After playful banter, Thomas asked: "Mr. President, your decision to invade Iraq has caused the deaths of thousands of Americans and Iraqis ... Every reason given, publicly, at least, has turned out not to be true. My question is: why did you really want to go to war?"
Actually, it wasn't a tough question at all. Bush quickly denied the premise, as any experienced politician would. Why, no president wants war, he said. He launched into a familiar soliloquy about how Sept. 11 changed everything, how he'd vowed to protect the American people, and how "the Taliban provided safe haven for Al Qaeda."
"I'm talking about Iraq," she interjected too sharply for GOP savants who professed shock at her rudeness.
That's when Bush got creative. "I also saw a threat in Iraq," he said. "I was hoping to solve this problem diplomatically. That's why I went to the Security Council; that's why it was important to pass (U.N. Resolution) 1441, which was unanimously passed. And the world said, disarm, disclose or face serious consequences ... we worked to make sure that Saddam Hussein heard the message of the world.
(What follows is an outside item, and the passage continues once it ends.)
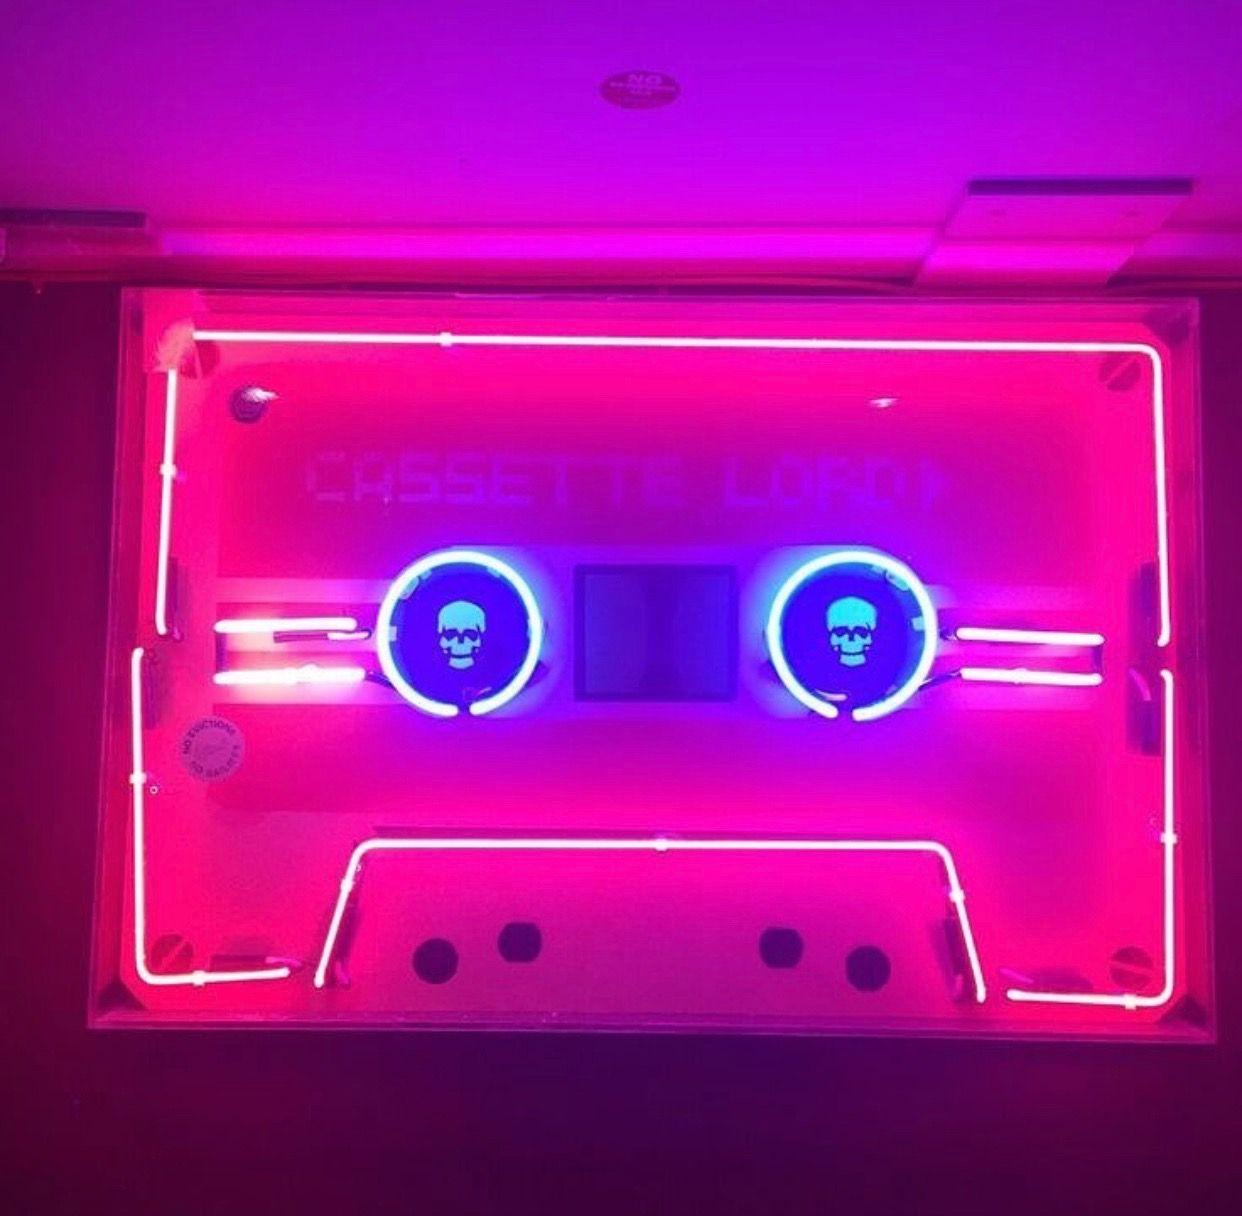 Pin by LEF on Neon in 2019 Neon lighting, Neon nights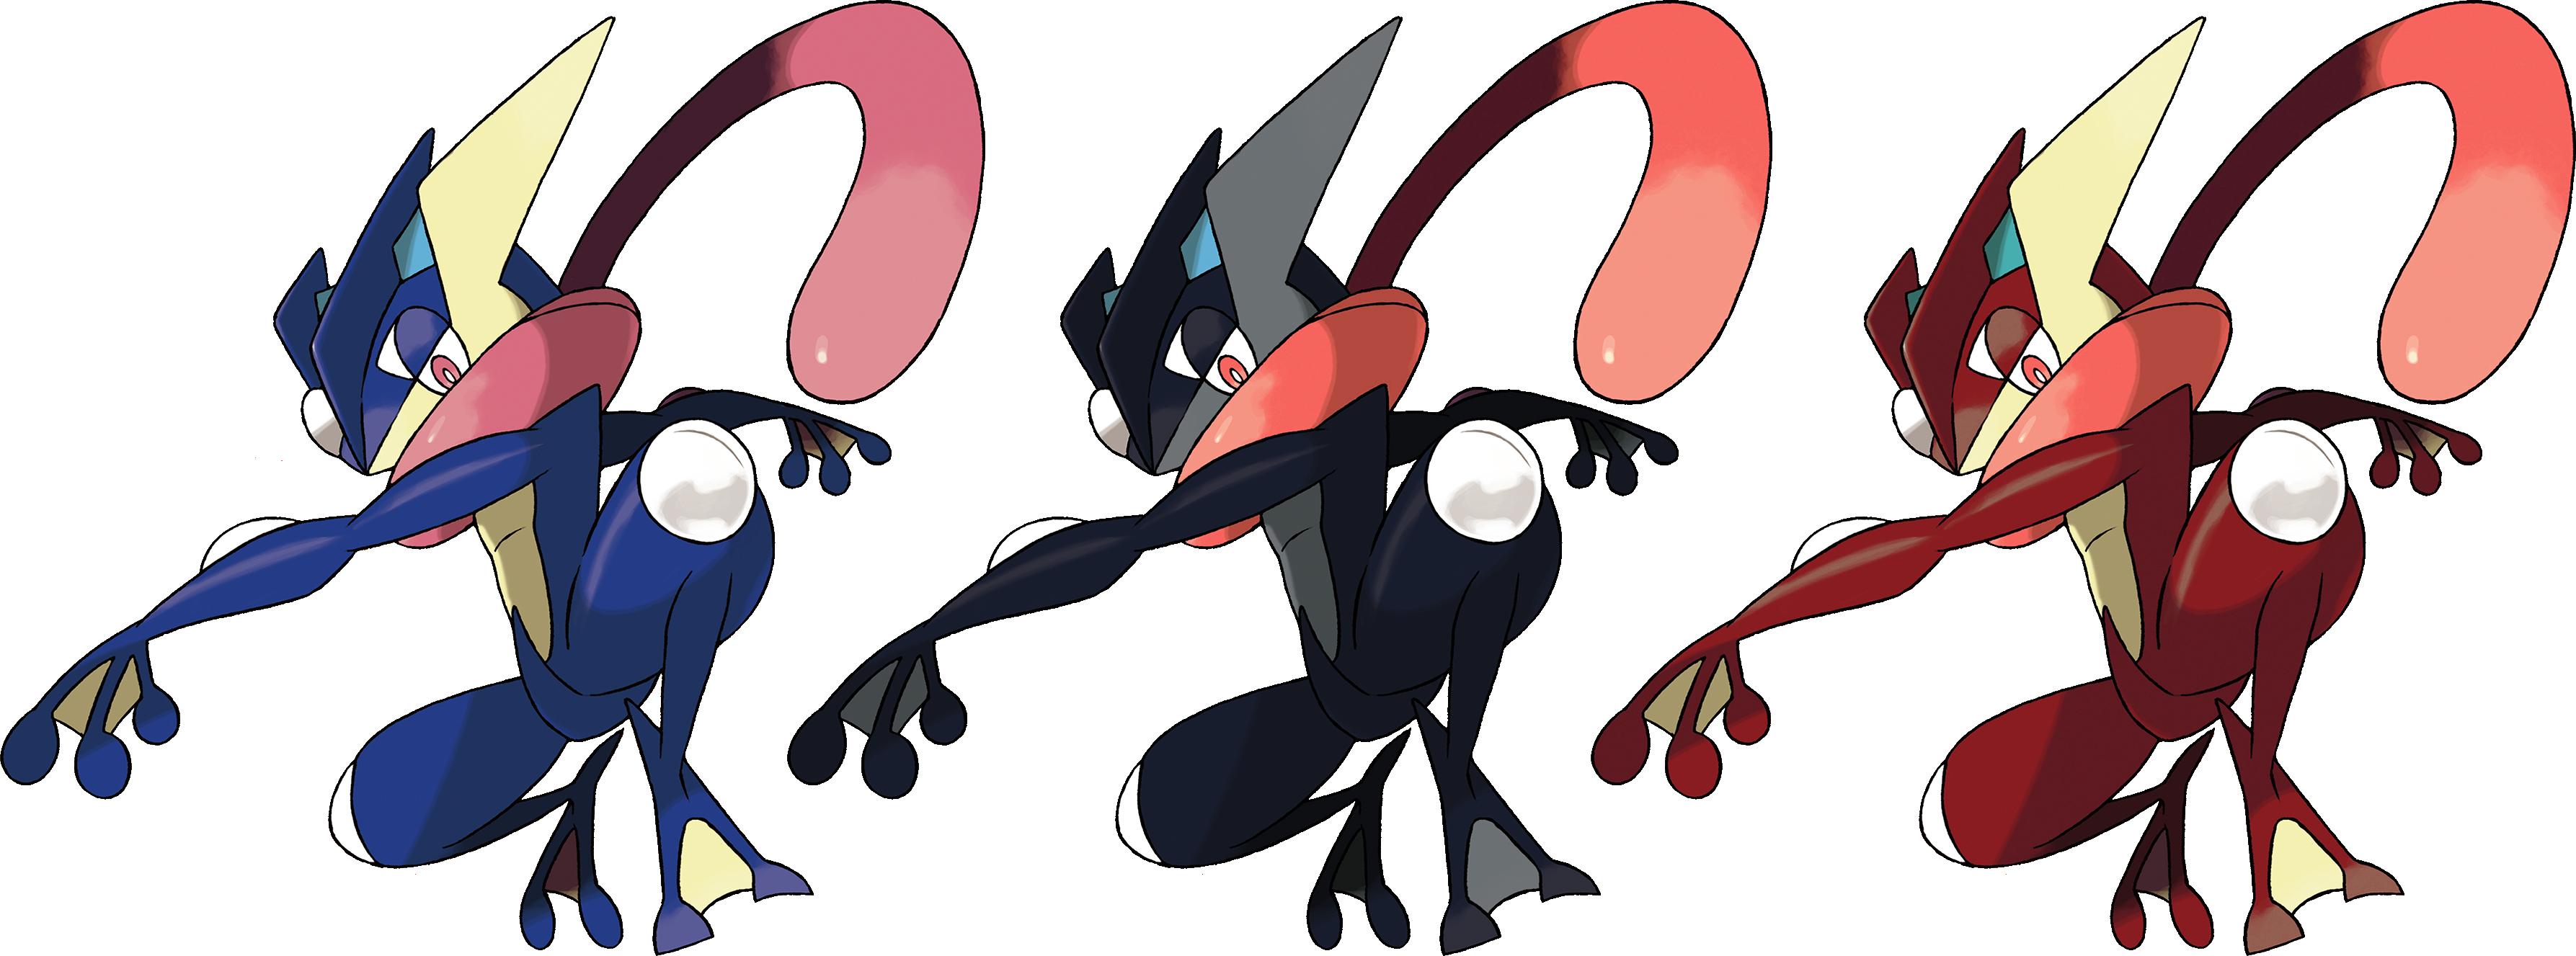 greninja shiny pokemon mega evolution deviantart krocf4 fan sonic anime characters pre

And when he chose to deny inspectors, when he chose not to disclose, then I had the difficult decision to make to remove him."
Alas, this is false. Regardless of his other sins, Saddam did admit U.N. inspectors. Surely, even the most perfervid Bush supporters recall the weeks leading up to the March 2003 invasion when self-styled patriots mocked U.N. weapons investigators led by Swedish diplomat Hans Blix and Moroccan nuclear arms expert Mohamed El Baradei. U.N. teams visited sites all over Iraq, finding no sign of forbidden WMDs before Bush chased them out to begin his "shock and awe" bombing campaign.
All these events happened amid a uniquely American version of Orwell's "two minutes hate," with restaurant owners pouring French wine into gutters, French fries dubbed "Freedom Fries," and country singers in cowboy hats denouncing the Dixie Chicks for displaying insufficient reverence for President Bush. Don't tell me you've forgotten, because you haven't.
But has Bush himself forgotten? That's an interesting question. It's hard to know how deeply the visible world impacts the president's ideological obsessions. The New York Times has quoted British government memos that depict Bush telling Prime Minister Tony Blair in January 2003 that he was determined to invade whether U.N. inspectors found Iraqi WMDs or not.
Once again, however, most of the White House press gave Bush a free pass, exactly as they did in July 2003, the first time he made the false claim about Saddam stiffing U.N. inspectors. Reporters appear to fear being shunned like Thomas.
It's precisely the press's unwillingness to confront Bush's peculiar lapses, writes Eric Alterman in American Progress, that explains "the air of unreality that appears to engulf almost all discussions of Iraq and the horrific situation Bush and company have wrought there." The Washington Post even editorialized about how "authentic" Bush sounded, as if he were a contestant on "American Idol."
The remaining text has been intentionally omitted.